I've tried this, but it's not giving the expected results:

import csv
files=["#Left(Brachypodium_Japonica).csv","#Right(Brachypodium_Japonica).csv"]
for i in range(len(files)):
    name=files[i][files[i].find("#")+1:files[i].find(".")]
    with open(files[i],"r",newline='') as source:
         rdr= csv.reader( source,delimiter="\t",skipinitialspace=True )
         with open("@"+name+".csv","w",newline='') as result:
              wtr= csv.writer( result,delimiter="\t",skipinitialspace=True )
              for r in rdr:
                  wtr.writerow( (r[1],r[2]) )


l1 = set(open('@Left(Brachypodium_Japonica).csv'))
l2 = set(open('@Right(Brachypodium_Japonica).csv'))
open('Intersection(Brachypodium_Japonica).csv', 'w').writelines(l1 & l2)

what is the most efficient pythonic way to find the intersection between both files ?! by which i.e. whole match of the two columns in both files .

I've asked this question before, but no one bothered to help.

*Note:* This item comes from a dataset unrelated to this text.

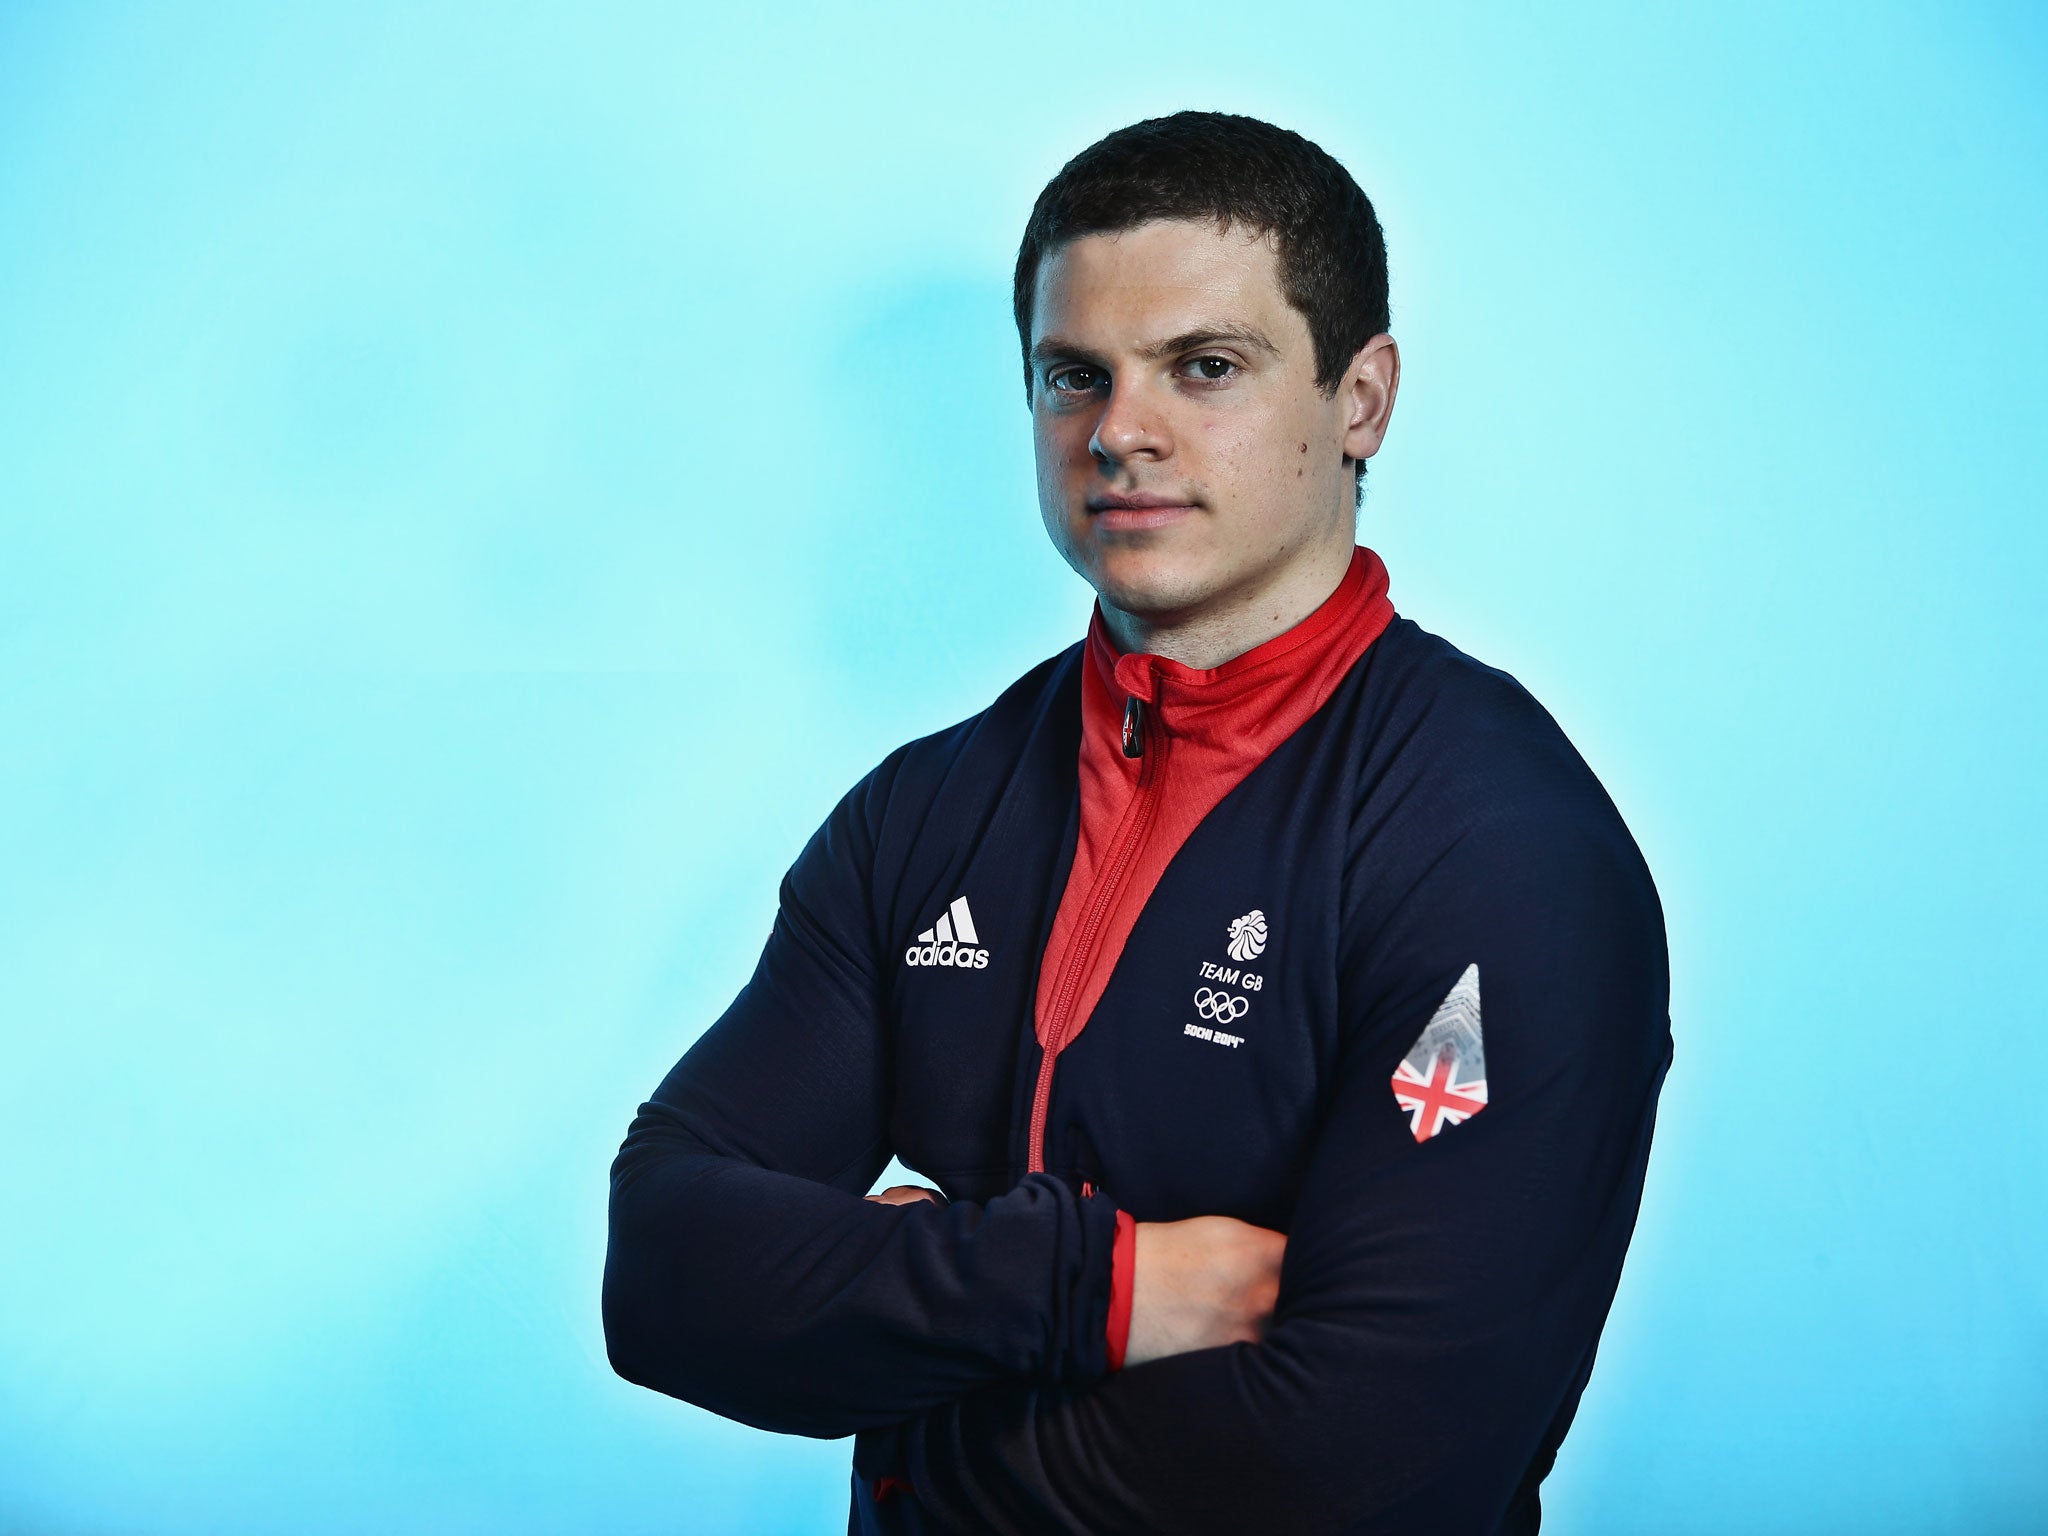 British bobsleigh athlete Craig Pickering has been ruled out of the 2014 Winter Olympics in Sochi after suffering a back injury

I'm really stuck in this and desperately need help that would be highly appreciated.

Edit:
File 1 (Left) input sample:

BRADI5G16060.1_36   OS08T0547100-02_5715
BRADI3G00440.1_243  OS03T0274400-01_2650
BRADI3G58610.1_438  OS01T0112500-01_899
BRADI1G73670.1_850  OS11T0481500-01_6621
BRADI1G78150.1_870  OS02T0543300-00_2055

File 2 (Right) input sample:

BRADI5G16060.1_36   OS08T0547100-02_5715
BRADI4G45180.1_240  OS03T0103800-01_2473
BRADI2G12470.2_487  OS04T0470600-00_3504
BRADI1G73670.1_850  OS11T0481500-01_6621
BRADI1G78330.1_878  OS06T0155600-01_4411

Intersection file of Left & Right:

BRADI5G16060.1_36   OS08T0547100-02_5715
BRADI1G73670.1_850  OS11T0481500-01_6621
Community
  • 1
  • 1
Bara'a
  • 53
  • 2
  • 8
  • Is the input ordered? – Sirko Jul 20 '15 at 11:19
  • @Sirko No, it's not ordered and the two files are NOT necessarily of the same size – Bara'a Jul 20 '15 at 11:21
  • I have not tried it myself but I have read in many places that for working on large sets like yours numpy package is often suggested. – Marco Jul 20 '15 at 11:24
  • @Marco Numpy is for numerical data, and my data is of string type !! – Bara'a Jul 20 '15 at 11:26
  • Hi, could you give us a little more informations please? For example: what (maximum) sizes are the datasets and on which system will it work (ie: linux 64bit, windows 32bit...), does it have to be done in "one operation" or are you allowed to make a first iteration to "refine" the inputs. – bufh Jul 20 '15 at 11:29
  • Proper indentation of python code is important when trying to read it and identify loops and blocks. Also, the indentation is actually used by python. The line after `for`, `name=` and the with block don't look right. – Paul Jul 20 '15 at 11:35
  • @bufh The maximum data size is 10000 record in each file, it will work on Windows 7 64bit, and yes it has to be done in one operation to avoid pipeline complexity . Thanks :) – Bara'a Jul 20 '15 at 11:39
  • This sounds like a job for sqlite, or some other sql database as it is a simple join on equality. – Paul Jul 20 '15 at 11:41
  • you could also try https://docs.python.org/2/library/difflib.html – Anentropic Jul 20 '15 at 11:42
  • @Paul I've corrected the indentation, sorry about that. Would you please explain more about sqlite and how can I use it here ?! – Bara'a Jul 20 '15 at 11:43
  • @Bara'a using [sqlite](https://docs.python.org/2/library/sqlite3.html) or a [dbm](https://docs.python.org/2/library/anydbm.html) would require another steps, and for some reason you didn't want "pipeline complexity" (?). – bufh Jul 20 '15 at 12:57

4 Answers4

0

When i looked in to your code it looked like this,

->you have two files

->you write them again into two files

->finally add them to the Intersection file

Lets remove that second step

import csv
files=["#Left(Brachypodium_Japonica).csv","#Right(Brachypodium_Japonica).csv"]
for i in files:
    with open(i,"r",newline='') as source:
        rdr= csv.reader( source,delimiter="\t",skipinitialspace=True )
        with open('Intersection(Brachypodium_Japonica).csv',"aw",newline='') as result:
            wtr= csv.writer( result,delimiter="\t",skipinitialspace=True )
            for r in rdr:
                wtr.writerow( (r[0],r[1]) )

the steps:

->read the first file and add it to the intersection

->read the next file and continue appending

try this and if does not work then do let me know. I have no idea why did u use that newline and skip but if you know why, then u may continue with it. i have rewritten the code in a proper way following your format.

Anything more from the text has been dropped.